+++ EXERCISE INPUTS +++

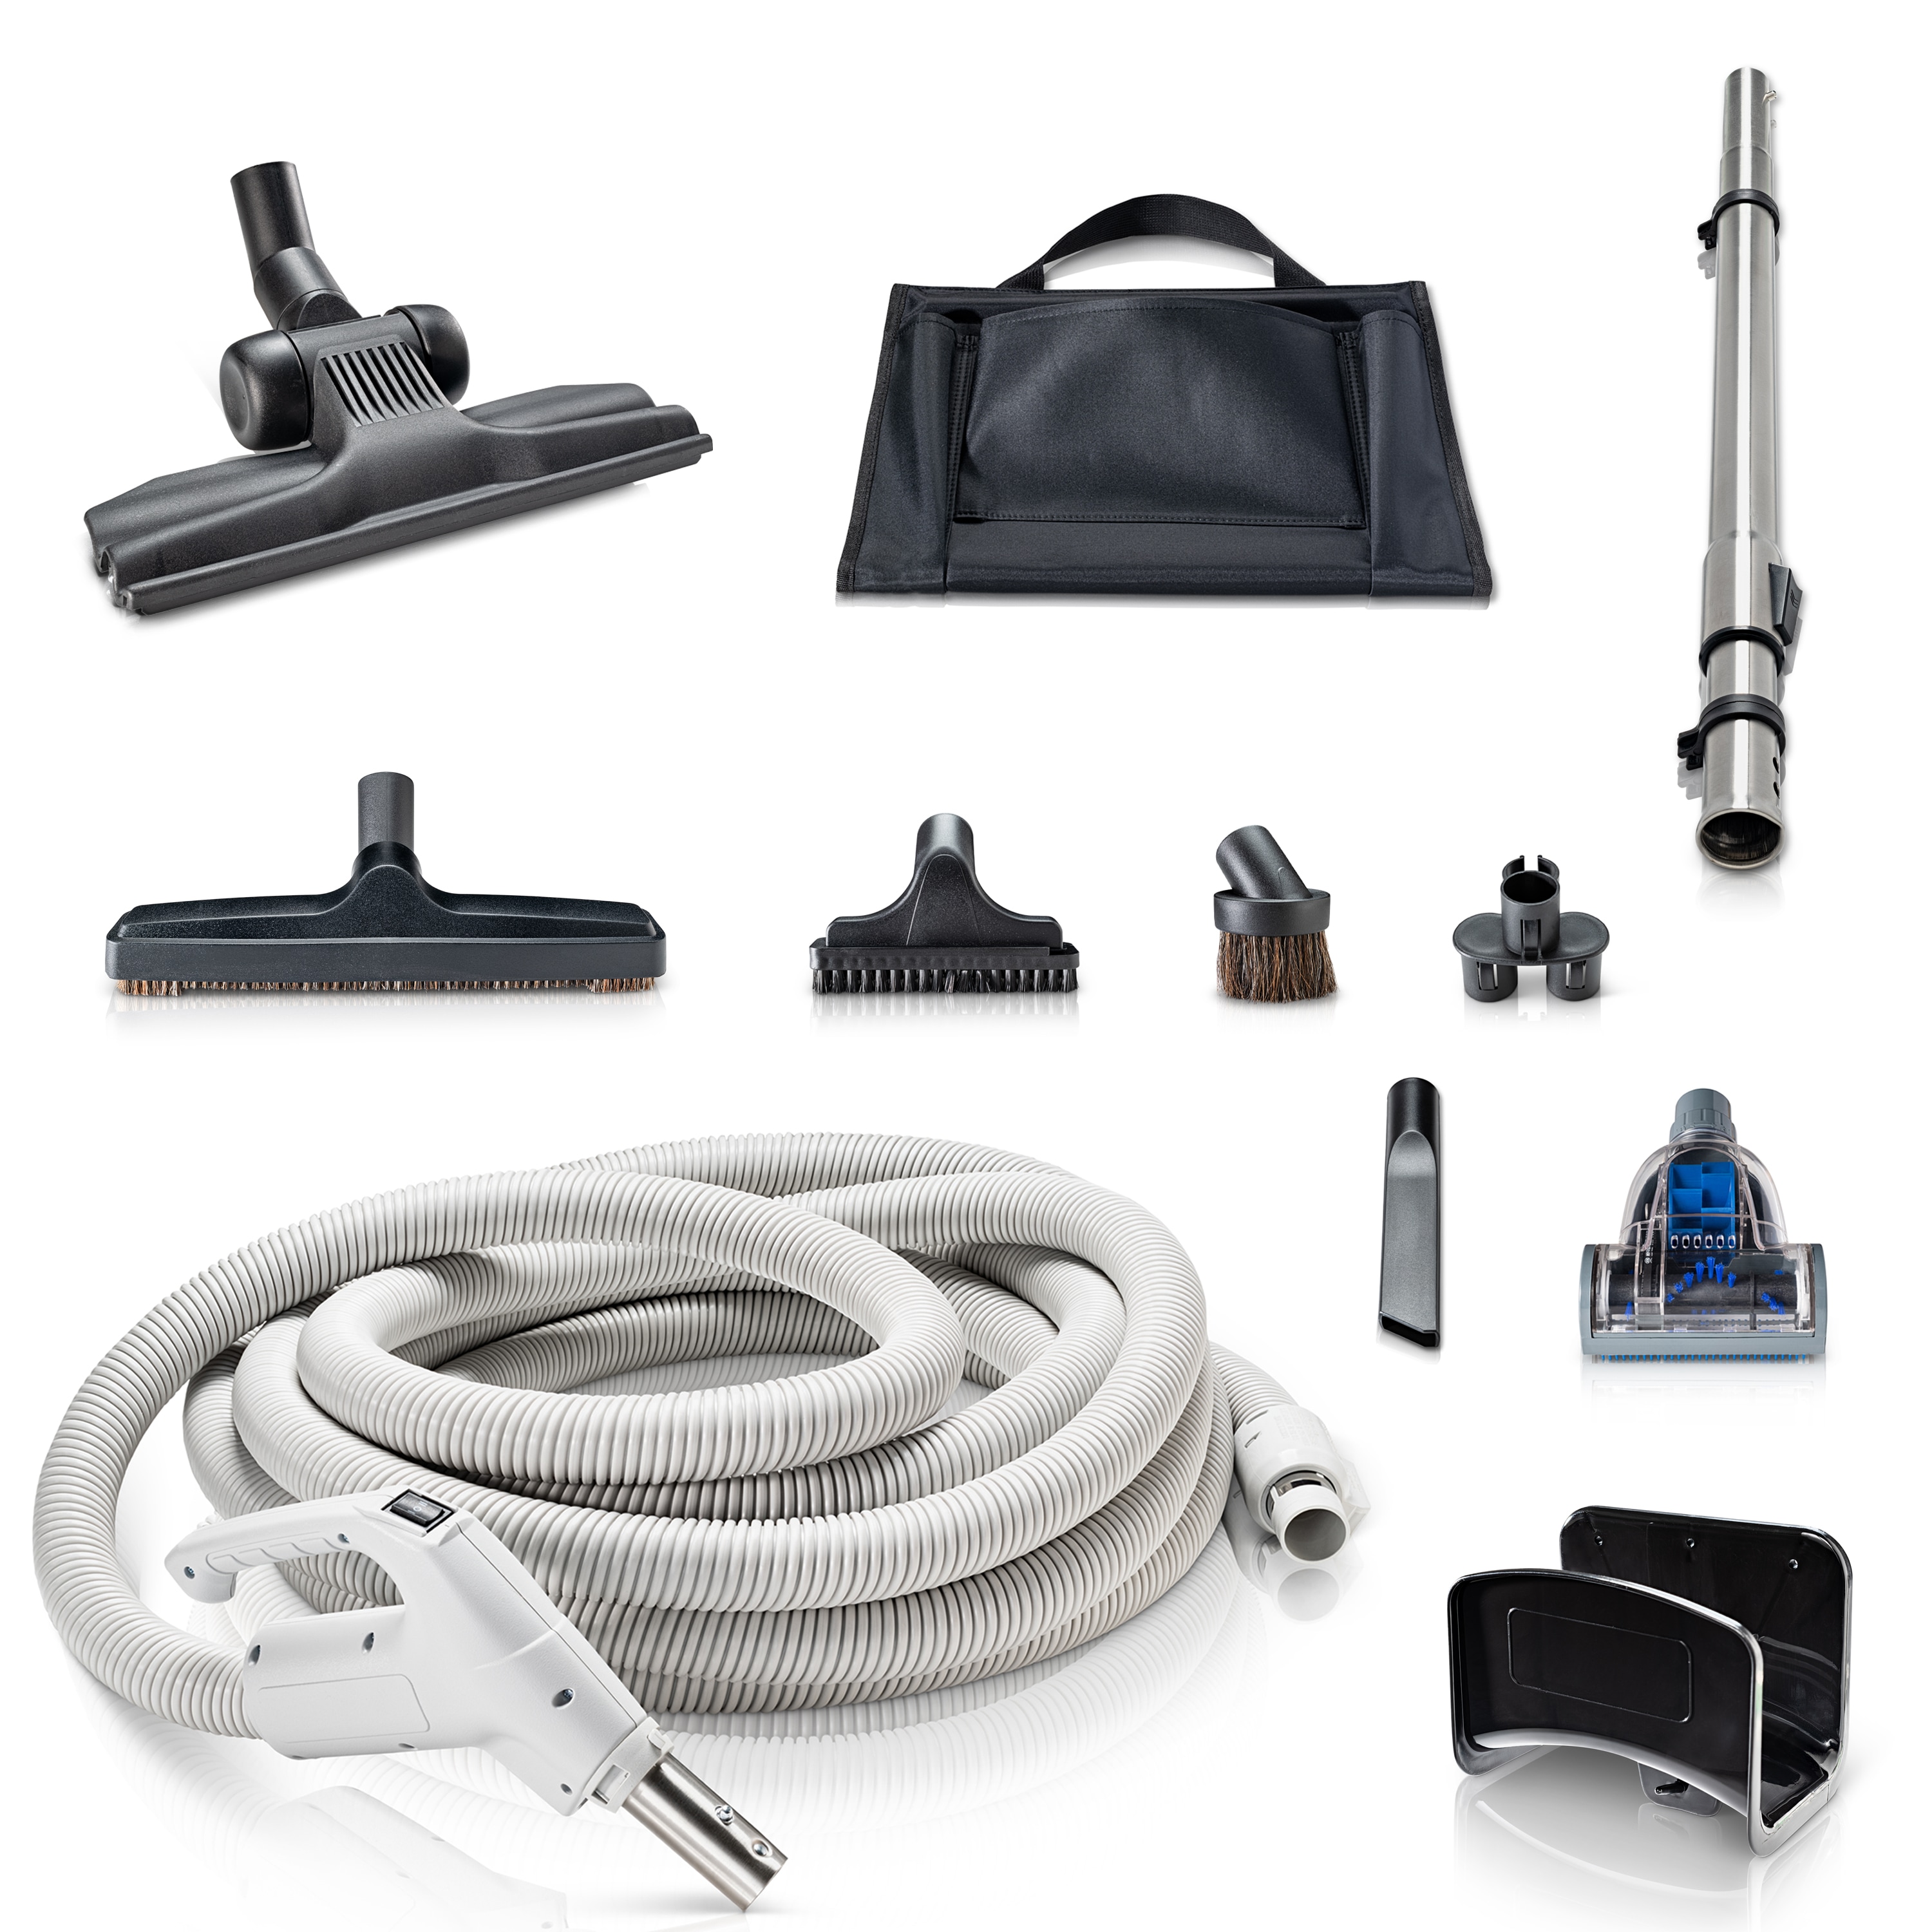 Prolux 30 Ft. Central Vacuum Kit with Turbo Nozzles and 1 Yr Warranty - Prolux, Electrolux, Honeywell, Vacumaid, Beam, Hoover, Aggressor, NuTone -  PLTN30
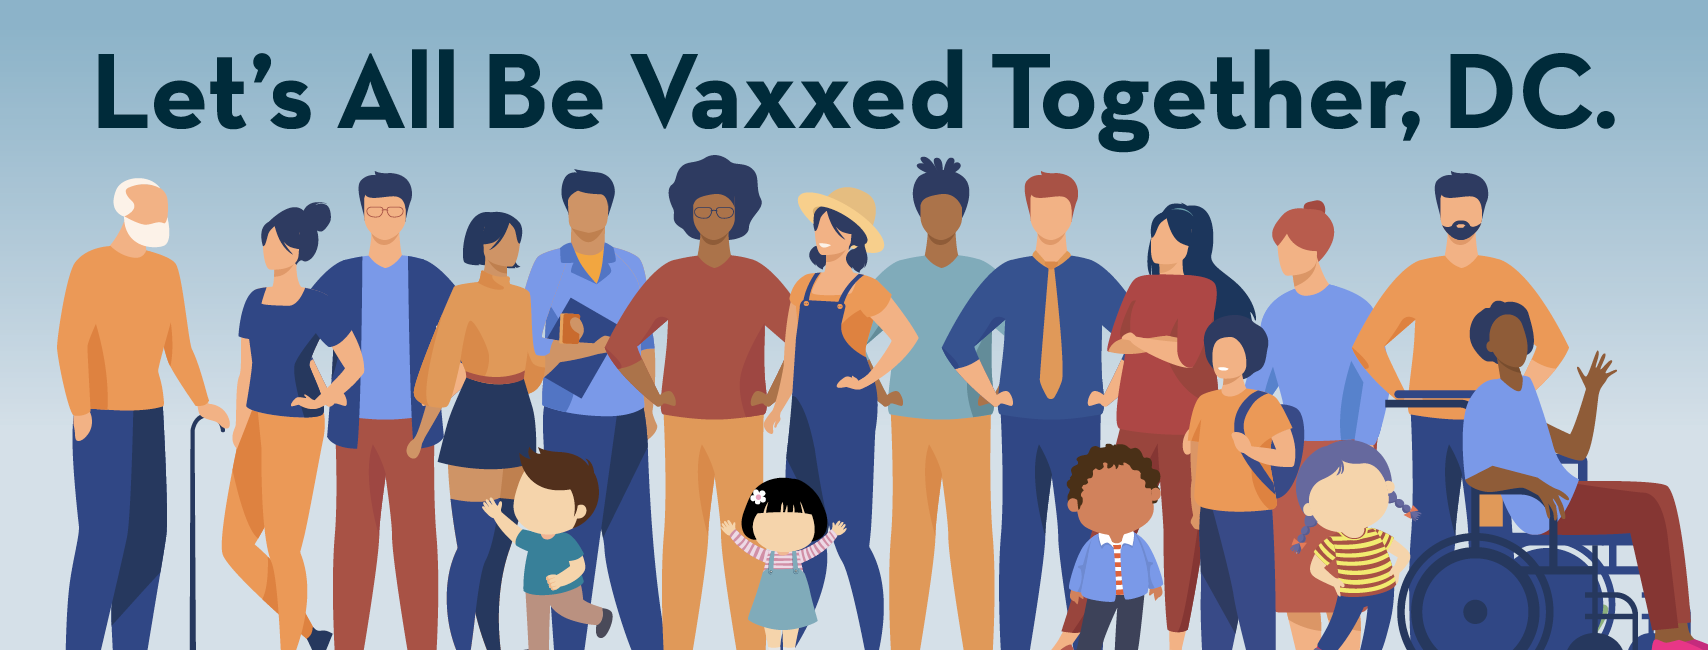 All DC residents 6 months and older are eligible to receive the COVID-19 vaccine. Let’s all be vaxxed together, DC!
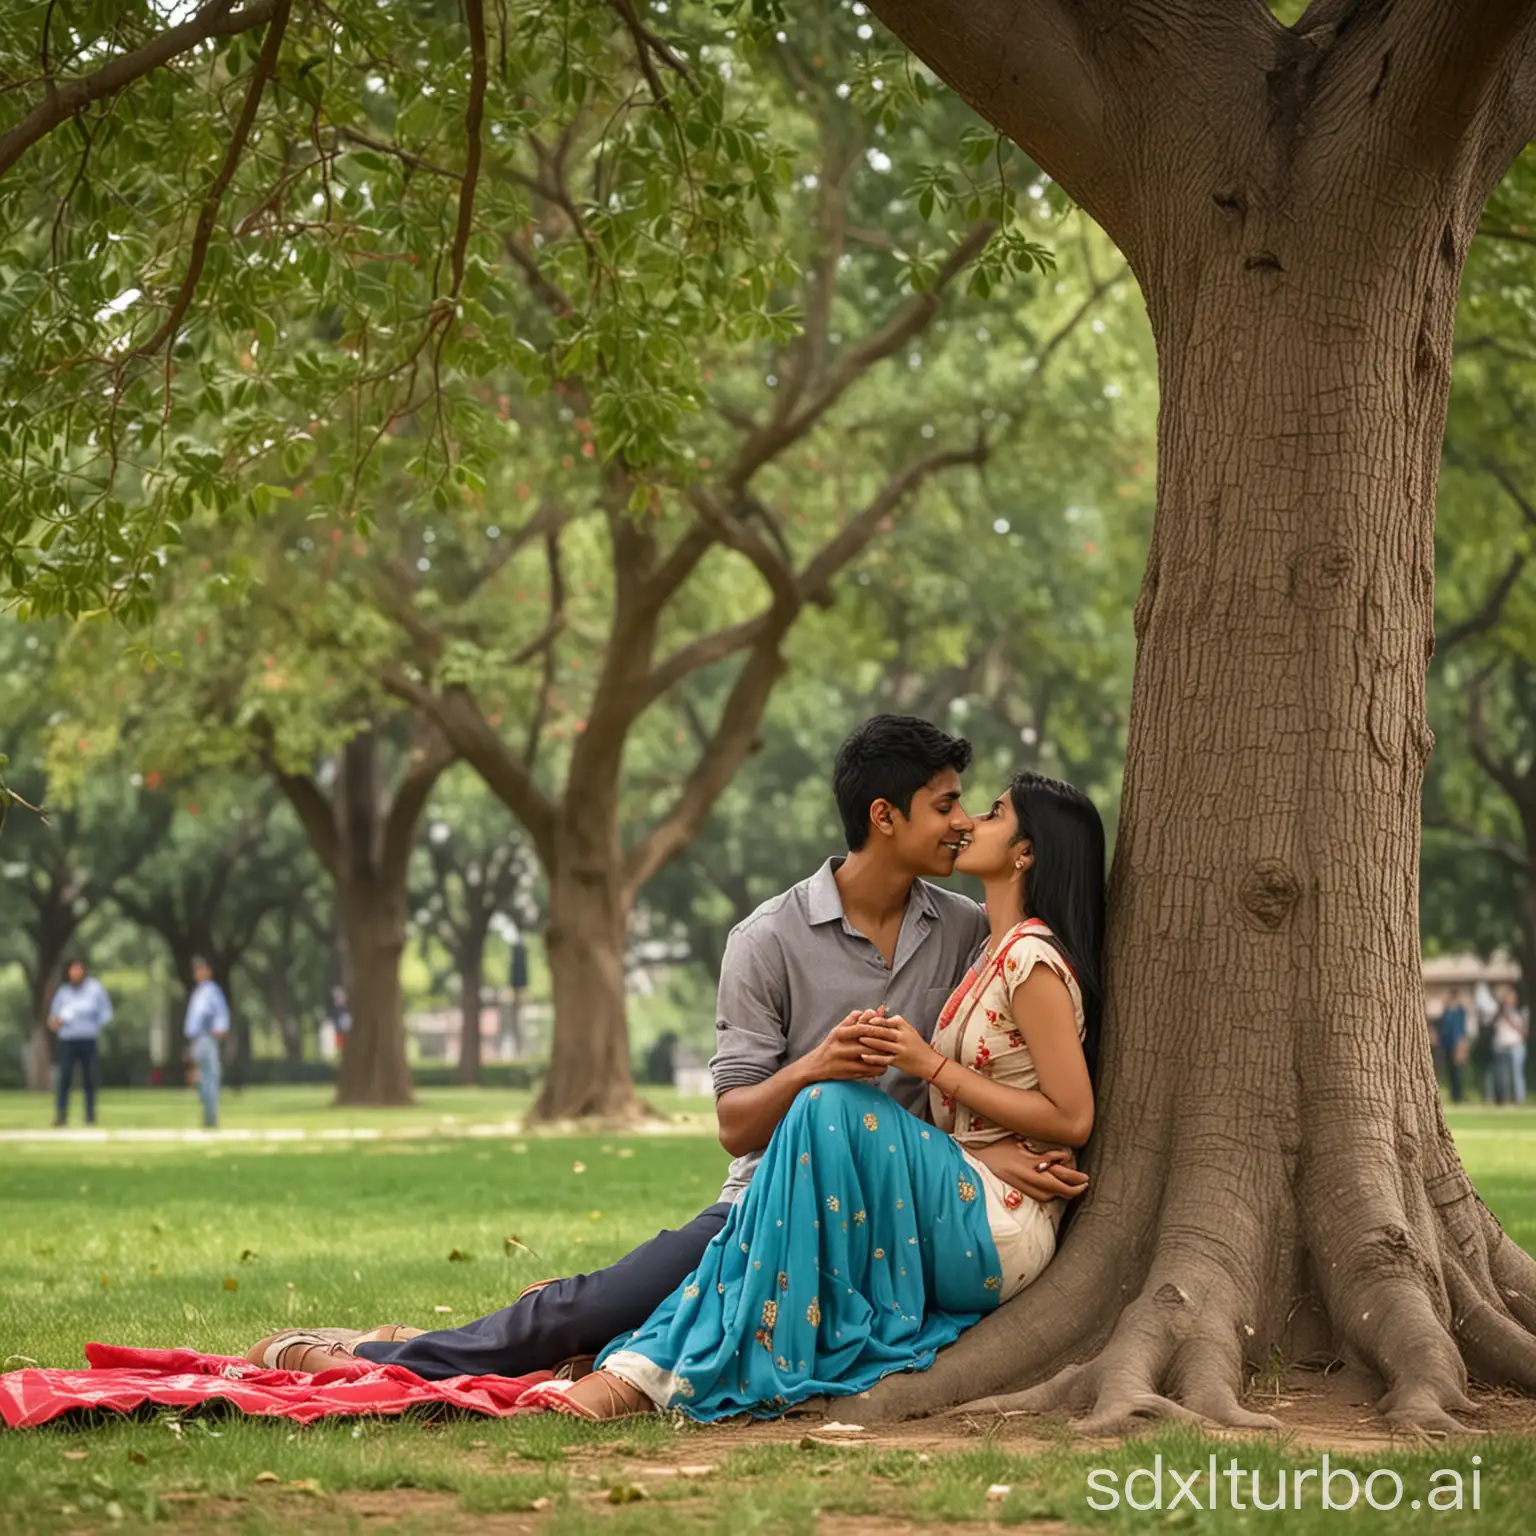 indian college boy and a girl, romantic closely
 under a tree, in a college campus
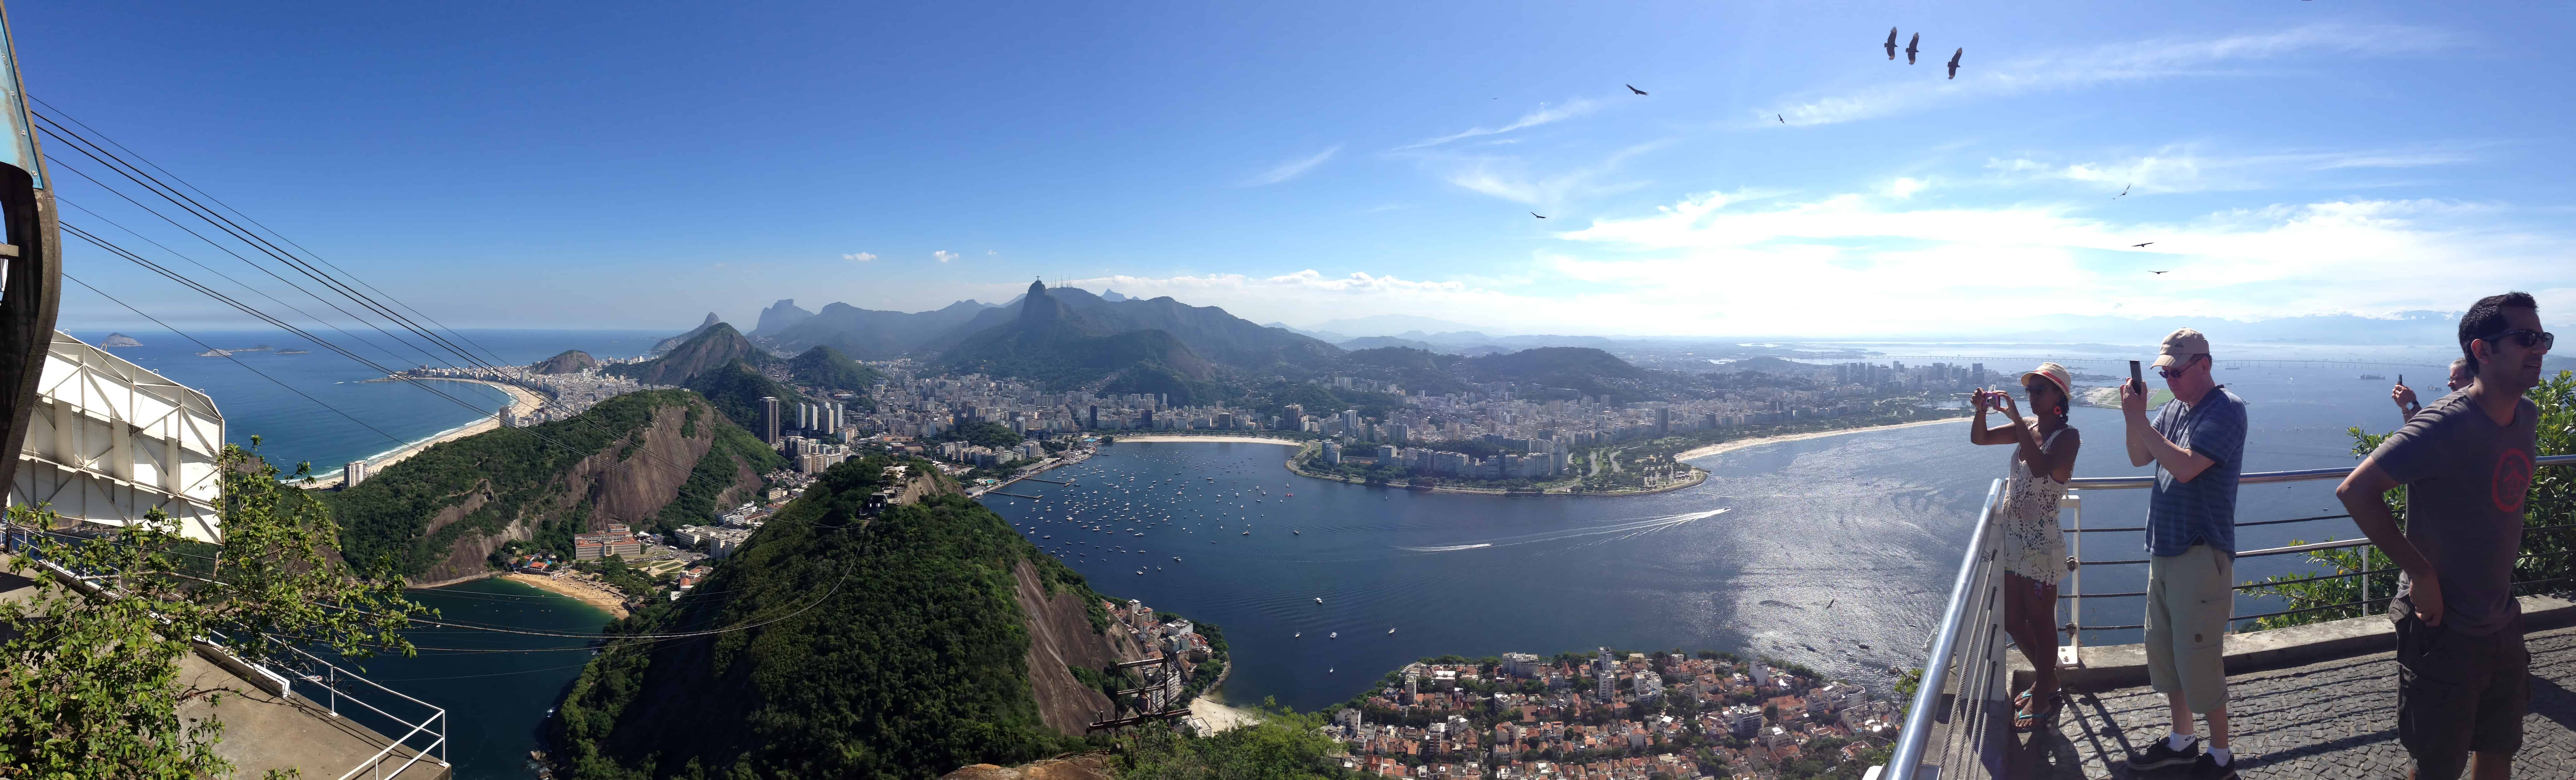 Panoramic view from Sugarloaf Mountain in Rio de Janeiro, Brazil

+++

WHAT IS NEEDED>
Retype every entry exactly as written, but omit the pictures.

ANSWER BOX>
 Prolux 30 Ft. Central Vacuum Kit with Turbo Nozzles and 1 Yr Warranty - Prolux, Electrolux, Honeywell, Vacumaid, Beam, Hoover, Aggressor, NuTone -  PLTN30
 All DC residents 6 months and older are eligible to receive the COVID-19 vaccine. Let’s all be vaxxed together, DC!
 indian college boy and a girl, romantic closely
 under a tree, in a college campus
 Panoramic view from Sugarloaf Mountain in Rio de Janeiro, Brazil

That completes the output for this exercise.